Let $\mathbb{T}$ be a geometric theory. Let $\mathrm{Set}[\mathbb{T}]$ be its classifying topos, such that geometric morphisms from any (cocomplete) topos $\mathcal{E}$ into $\mathrm{Set}[\mathbb{T}]$ are in canonical one-to-one correspondence with models of $\mathbb{T}$ in $\mathcal{E}$.
As with any topos, associated to $\mathrm{Set}[\mathbb{T}]$ is its localic reflection $L(\mathrm{Set}[\mathbb{T}])$, the locale which has the partially ordered set $\mathrm{Sub}_{\mathrm{Set}[\mathbb{T}]}(1)$ as frame of opens. Like any locale, this locale is the classifying locale of some propositional geometric theory $\mathbb{T}'$.
Question: Can the theory $\mathbb{T}'$ be described in terms of $\mathbb{T}$?
For instance, let $\mathbb{T}$ the theory of an object, containing a single sort and no axioms.

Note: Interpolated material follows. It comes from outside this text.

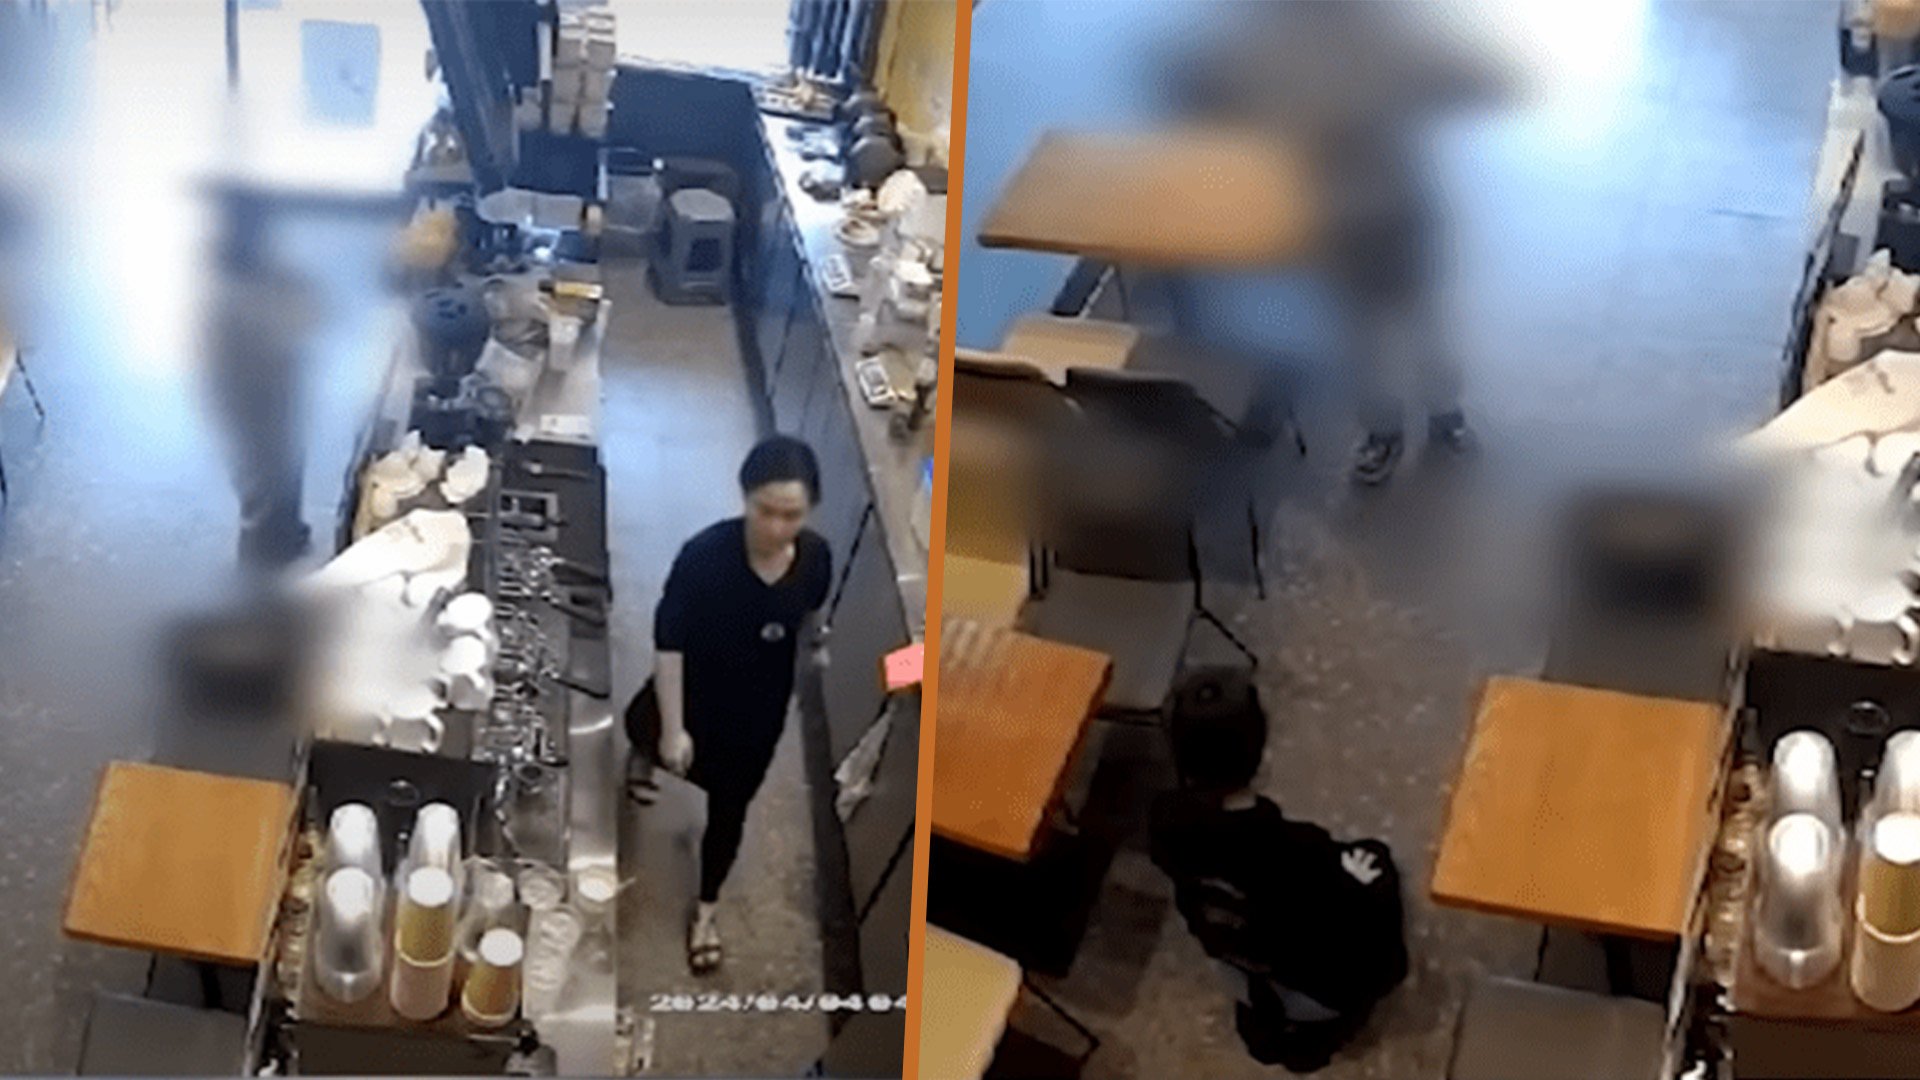 The behaviour of a cafe customer in South Korea who demanded the shop’s manager kneel in apology because there was no straw with her drinks delivery order has caused anger on social media. Photo: SCMP composite/YouTube

Then $\mathrm{Set}[\mathbb{T}]$ is the object classifier, the copresheaf topos $[\mathrm{FinSet}, \mathrm{Set}]$. Its localic reflection is the one-point locale, so $\mathbb{T}'$ is the empty theory.
My motivation is that I want to find out whether a certain geometric $\mathcal{F} \to \mathcal{E}$ morphism is open. For this, I have to check whether its localic reflection is open (as a locale internal to $\mathcal{E}$); if I knew which theory the localic reflection classifies, I'd have a handle on this.
An obvious place to look for an answer would be Olivia Caramello's beautiful paper on lattices of theories. However, there she discusses only subtoposes, not the localic reflection.